LC: O Paulo esteve bem, como já tinha estado noutros momentos da sua carreira e como está na AS Roma. Quando chegamos a um clube, aquilo que mais queremos que esse clube tenha é um rasto de vitória. Ao contrário do que as pessoas dizem sobre ser mais fácil ganhar num clube que ganhe poucas vezes, porque a pressão é menor, do que num clube que ganhe muitas e onde não há margem para errar: eu sou de opinião que é muito melhor pegar num clube com rasto de vitória, porque já existem pessoas habituadas a ganhar e com competências para ganhar. E quem chegar ao clube, se tiver competência, também vai ganhar. Felizmente, é o que está a acontecer aqui. O campeonato é o objetivo número um da época e há a sensação de que temos de ser campeões e isso sente-se em cada campo onde entramos. Estamos a fazer um bom percurso, nada está ganho, mas sente-se a alegria por irmos na frente. E isto também é fruto do trabalho do Paulo e do mister Lucescu, que projetaram o clube para um patamar ótimo. E eu sinto-me bem com essa herança.

BnR: O FC Shakhtar joga fora da sua cidade devido ao conflito na Crimeia. Como foi lidar com essa mudança? E que dificuldade é que coloca esse fator na preparação de jogos?

LC: O maior peso vai para o lado da logística, que é pesadíssima. Treinamos em Kiev e jogamos em Kharkiv, o que, como podem imaginar, acarreta muitos problemas a esse nível. Enquanto treinador, as coisas são feitas de forma muito natural, temos de ir preparando e pensando no que é a proposta diária de treino e de jogo. É aí que está todo o nosso foco. O clube ajusta-se ao que queremos fazer todos os dias. Têm sido fantásticos. O clube está habituado a trabalhar e a servir-nos da melhor maneira, como aconteceu com o Paulo e com o mister Lucescu. Tudo normal e tudo natural. Eles estão habituados a esta mudança e tudo corre de forma normal.

Luís Castro construiu uma boa relação com os seus jogadores
Fonte: FC Shakhtar

BnR: Ou seja, e pegando no que diz sobre a qualidade da sua equipa, diria que o Shakhtar, em Portugal, seria candidato ao título?

LC: Sim, claramente. Aliás, o percurso de Champions mostra isso. Uma equipa como a nossa, que perde dois jogos em casa, com o Manchester City e a Atalanta… Mas estamos a falar de uma Atalanta de Gasperini, que pode fazer um percurso interessante na Liga dos Campeões. De resto, não perdemos com o Zagreb, empatámos em Manchester e na Atalanta… Os jogadores que temos jogam na seleção ucraniana, seleção essa que ficou à frente de Portugal no apuramento para o Europeu, portanto isto tudo mostra o nosso nível enquanto equipa.

BnR: Ainda tem um certo amargo pela derrota com a Atalanta?

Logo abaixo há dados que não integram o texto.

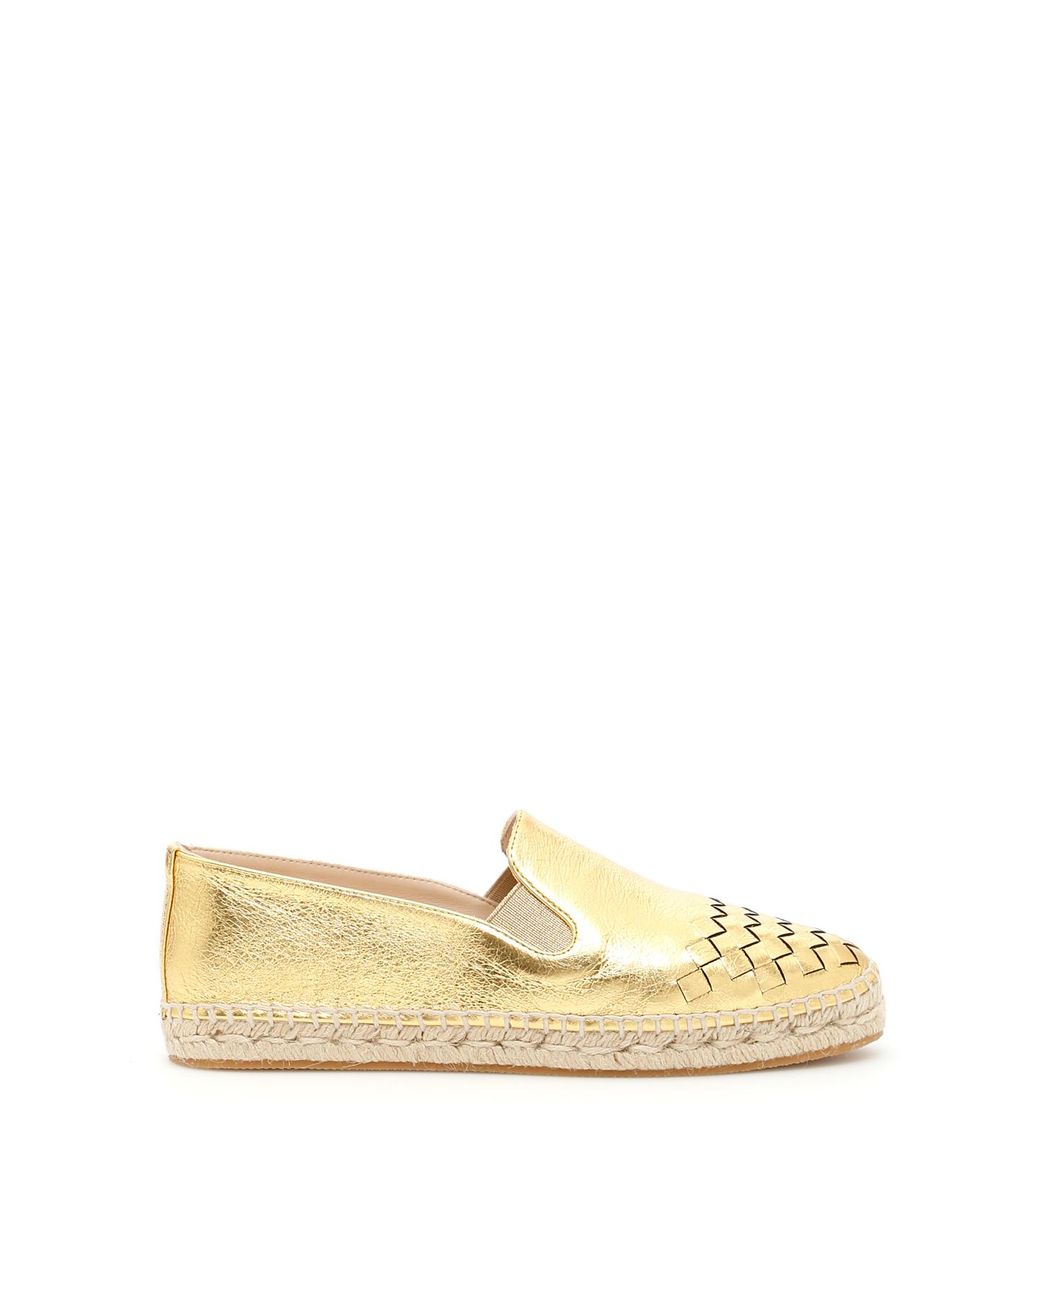 woven leather espadrilles

LC: Sim, são momentos difíceis de viver, mas não nos fere de morte. Nós sabemos que na Champions tudo pode acontecer. A 25 minutos do fim estávamos apurados para os oitavos e no final perdemos por 3-0. Assim como o Dínamo Zagreb, a duas jornadas do fim, estava a ganhar contra nós por 2-1 aos 95 minutos, e estava apurado, e chega ao final da fase de grupos em último lugar. Em quatro minutos tudo mudou. Temos de aceitar de forma natural.

BnR: Na Liga dos Campeões teve duas boas exibições perante o Manchester City de Pep Guardiola. O treinador espanhol disse-lhe alguma coisa, após o final do encontro? 

LC: Cumprimentámo-nos e desejámos felicidades para o futuro dele na prova, e ele desejou-nos o mesmo. Foi tudo muito cordial. No jogo de Kharkiv, não tivemos um desempenho tão bom como tivemos no Ethiad. E ele deu-nos os parabéns pela boa exibição.